2. Surgery that removes the ovaries (oophorectomy). Your ovaries produce hormones, including estrogen and progesterone, that regulate the menstrual cycle. Surgery to remove your ovaries causes immediate menopause. Your periods stop, and you're likely to have hot flashes and experience other menopausal signs and symptoms. Signs and symptoms can be severe, as hormonal changes occur abruptly rather than gradually over several years. Surgery that removes your uterus but not your ovaries (hysterectomy) usually doesn't cause immediate menopause. Although you no longer have periods, your ovaries still release eggs and produce estrogen and progesterone.
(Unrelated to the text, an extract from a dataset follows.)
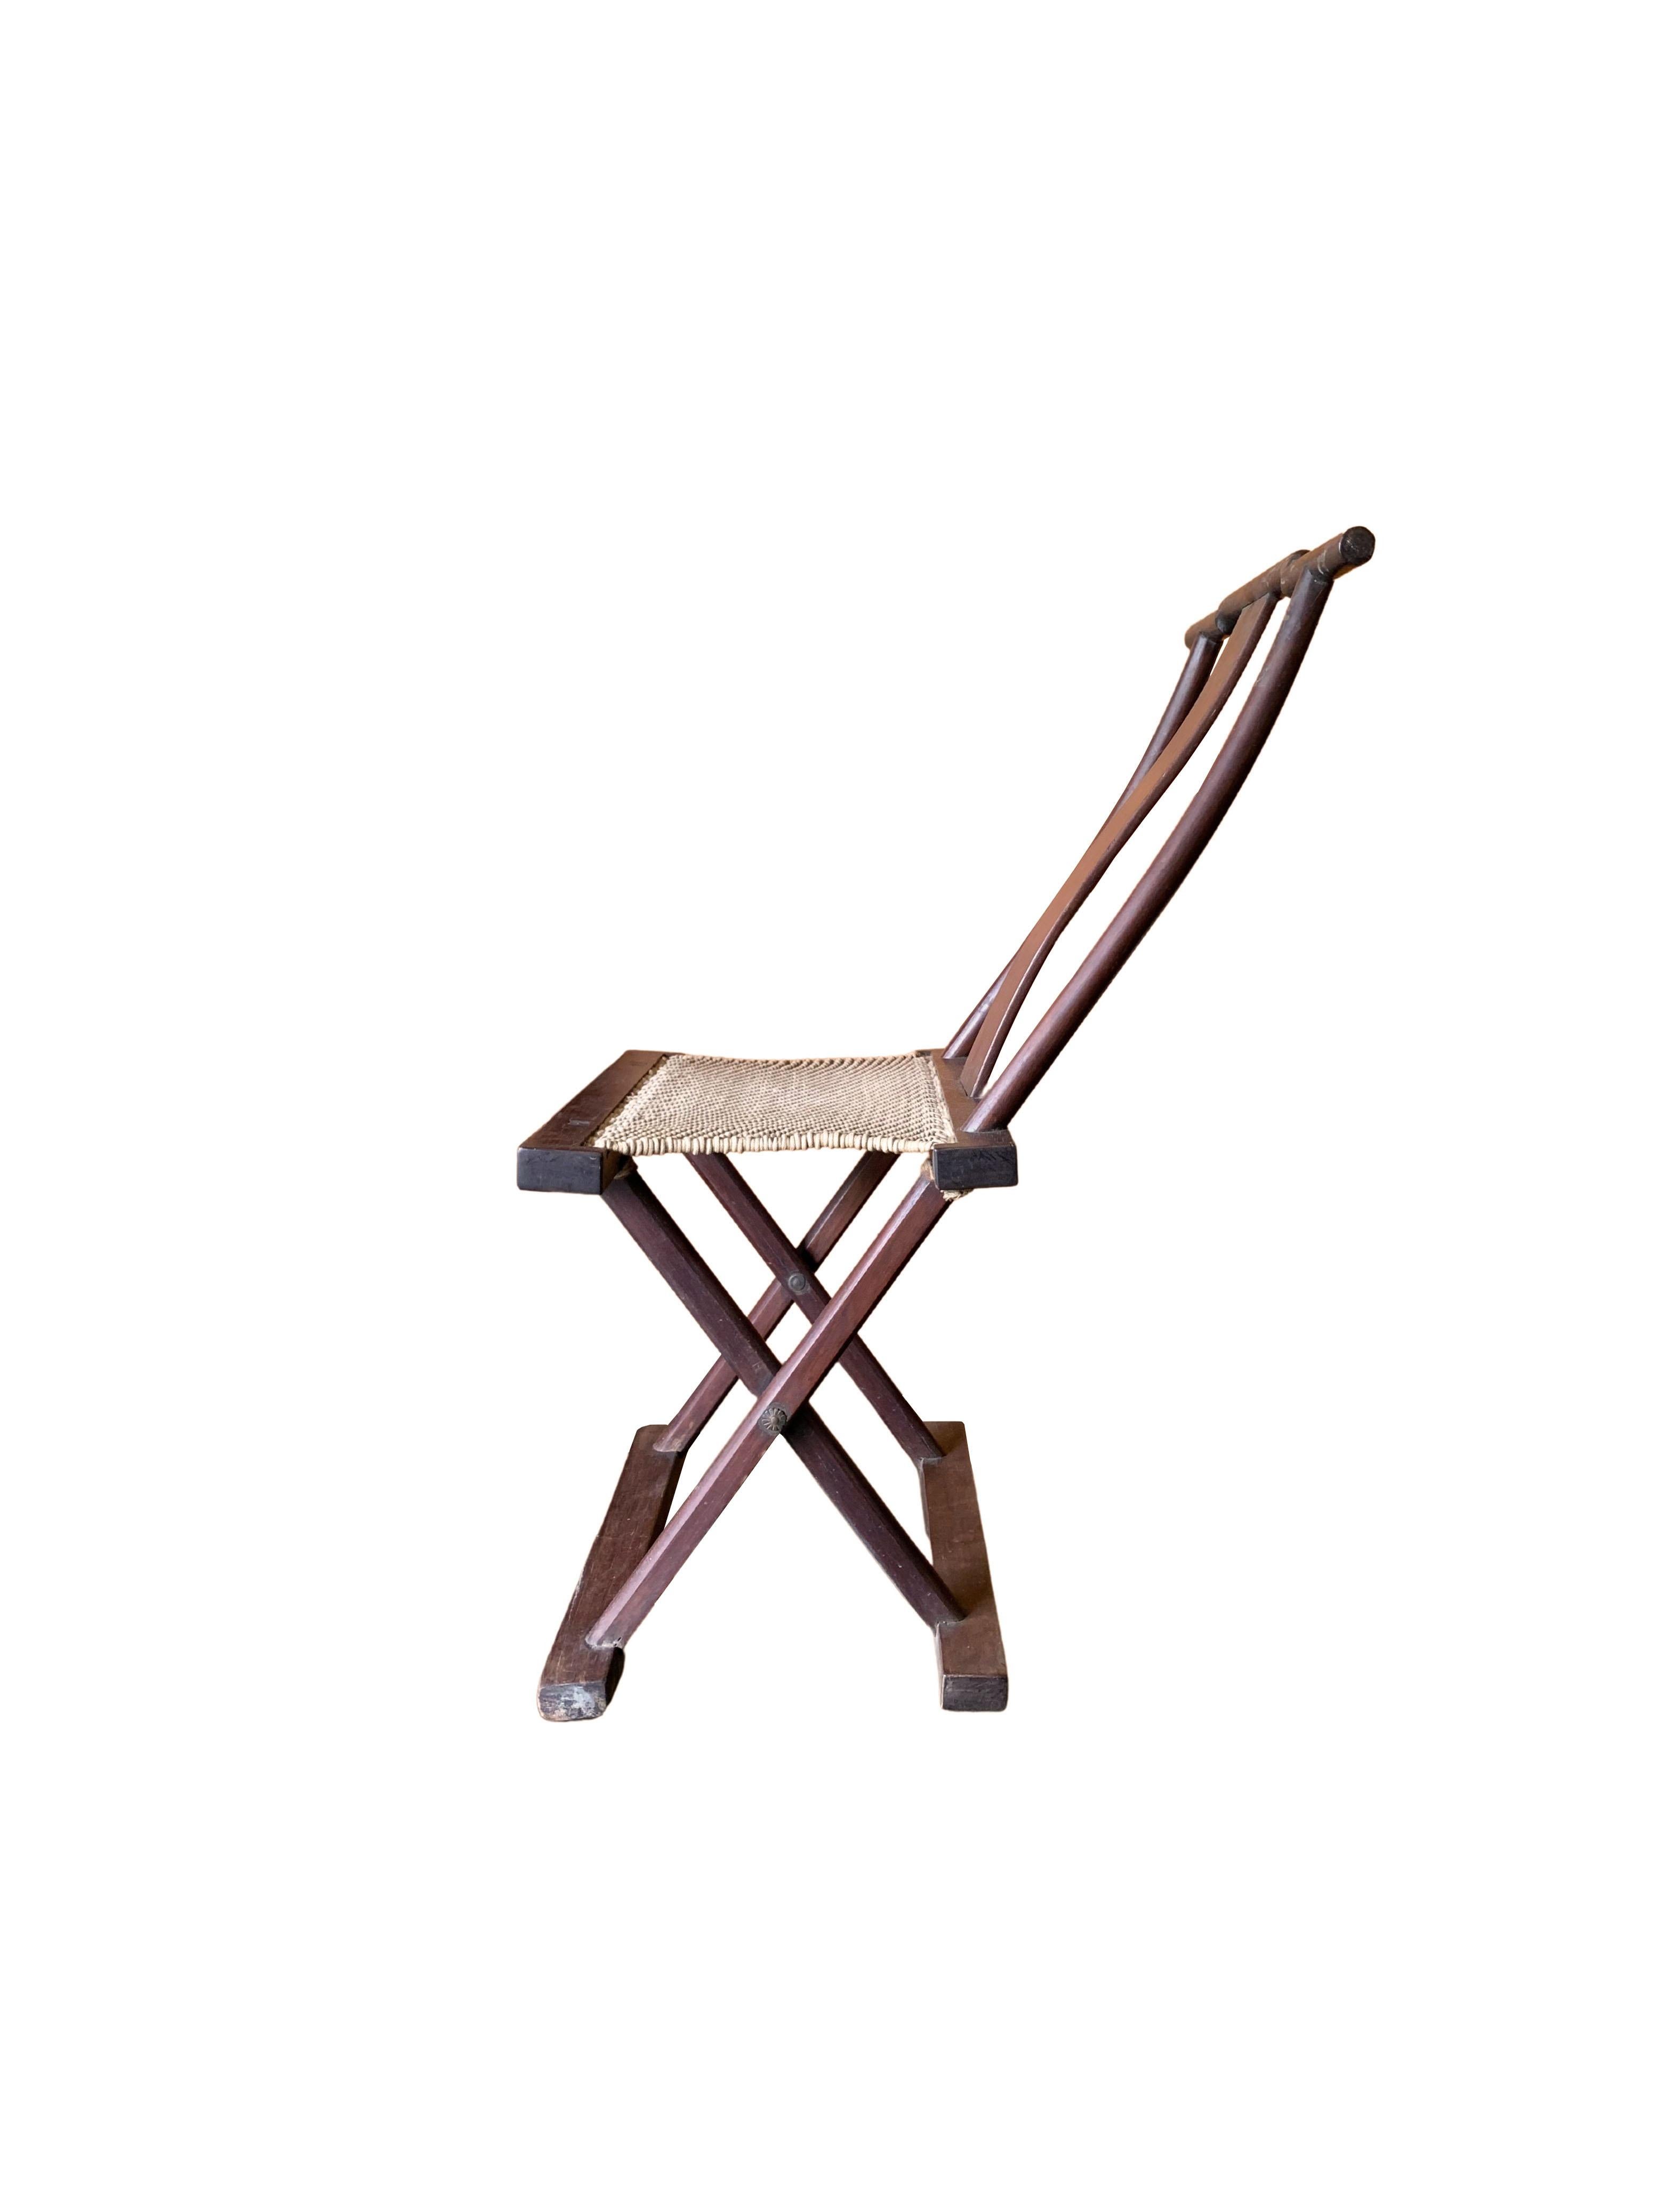 Dieser aus einem Holzrahmen gefertigte Klappstuhl aus dem frühen 20. Jahrhundert wurde einst von chinesischen Reisenden benutzt. Die Sitzfläche ist aus gewebtem Stoff gefertigt, der zusammen mit der Rückenlehne für einen bequemen Stuhl sorgt. Sein

3. Chemotherapy and radiation therapy. These cancer therapies can induce menopause, causing symptoms such as hot flashes during or shortly after the course of treatment. The halt to menstruation (and fertility) is not always permanent following chemotherapy, so birth control measures may still be desired. Radiation therapy only affects ovarian function if radiation is directed at the ovaries. Radiation therapy on other parts of the body, such as breast tissue or the head and neck, won't affect menopause.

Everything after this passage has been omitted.